One of the most important reputational controls was a formalized process for reviewing and approving new ratings ‘criteria’, or methodologies. Each group within ratings had their own criteria committee which reviewed all major ratings actions such as significant upgrades or downgrades, as well as any changes to ratings policies. Then there was the Ratings Policy Board (RPB), comprised of some of most senior analysts from each ratings group. Members had unforgiving dispositions and long memories. Rank and file analysts dreaded going to the RPB, which could be a withering experience.
The system worked pretty well. New ratings initiatives had to make business sense, and they also had to be reviewed analytically. The analytic reviews were rigorous, and there were plenty of new initiatives that died in the RPB.
Nevertheless, there were failures. The most notable during my time was Orange County which declared bankruptcy in 1994. But for the most part, the default track record for ratings was very good. Enron and Parmalat occurred after I had left the ratings group in 1999, and I left S&P altogether in 2005, missing the collapse of sub-prime.
When I think back on my experience at S&P Ratings, it strikes me how proactive management was in mitigating reputational risk. Leo O’Neill chaired the Ratings Policy Board, and he instilled a culture which required scrutiny of all major ratings activities, including new initiatives. His leadership was reinforced by a generation of managers which had joined S&P when the ratings group was still a small and fragile business, and understood the importance of intangibles like reputation and trust. Most of that generation has retired. It was easy for their successors to take the ratings franchise for granted. Spectacular success makes it hard to envision failure, casting reputational concerns as somewhat old-fashioned and cassandra-like.
There were doubtless other issues, such as the changing dynamics of the duopoly which began with Fitch’s aggressive and successful bid to become the third agency, intensifying competitive pressures on the ingrained checks and balances. These pressures escalated when Moody’s was spun out as a separate entity in 2000, making it easier for S&P’s parent to squeeze the ratings business using Moody’s comparables as leverage.
I also wonder if the scale of the business had an impact. The structured finance group had a lot of hubris when I was around, and I can only imagine how much autonomy they received as their size and profitability grew. I suspect it became a business within a business, isolating itself from the rest of the ratings group.

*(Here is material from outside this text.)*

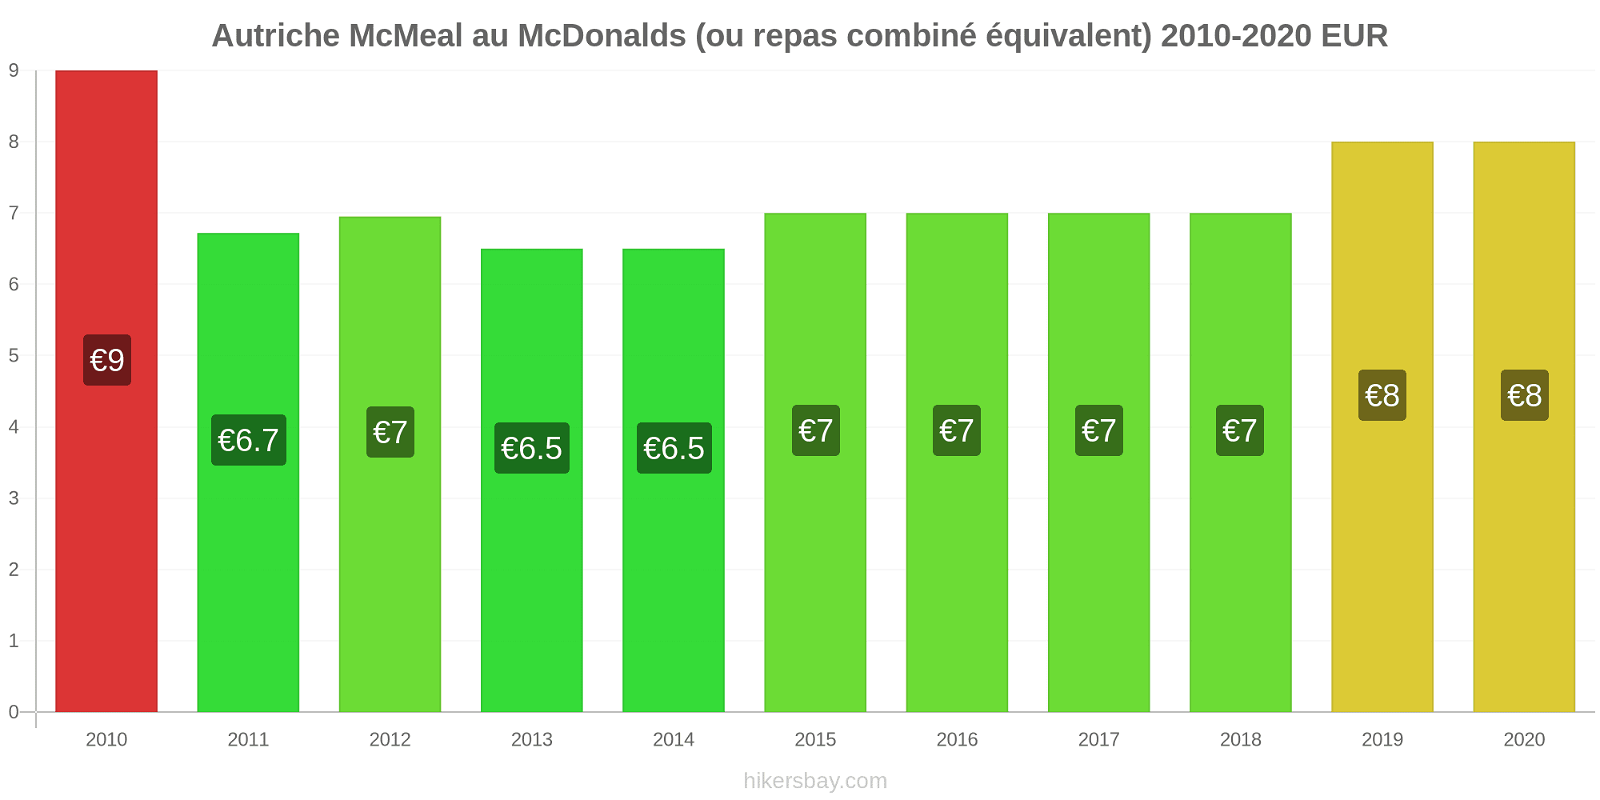 Autriche changements de prix McMeal à McDonald ' s (ou Combo équivalent tourteau) hikersbay.com

Nevertheless, if I had to point to one area, it is management. It is inconceivable to me that decisions that S&P apparently made on its sub-prime criteria could have been made during the Leo O’Neill era. Credibility is an intangible, and the requisites for maintaining it are similarly intangible. It is these intangibles of leadership and culture that apparently were lost, and it is not clear that they can be regained.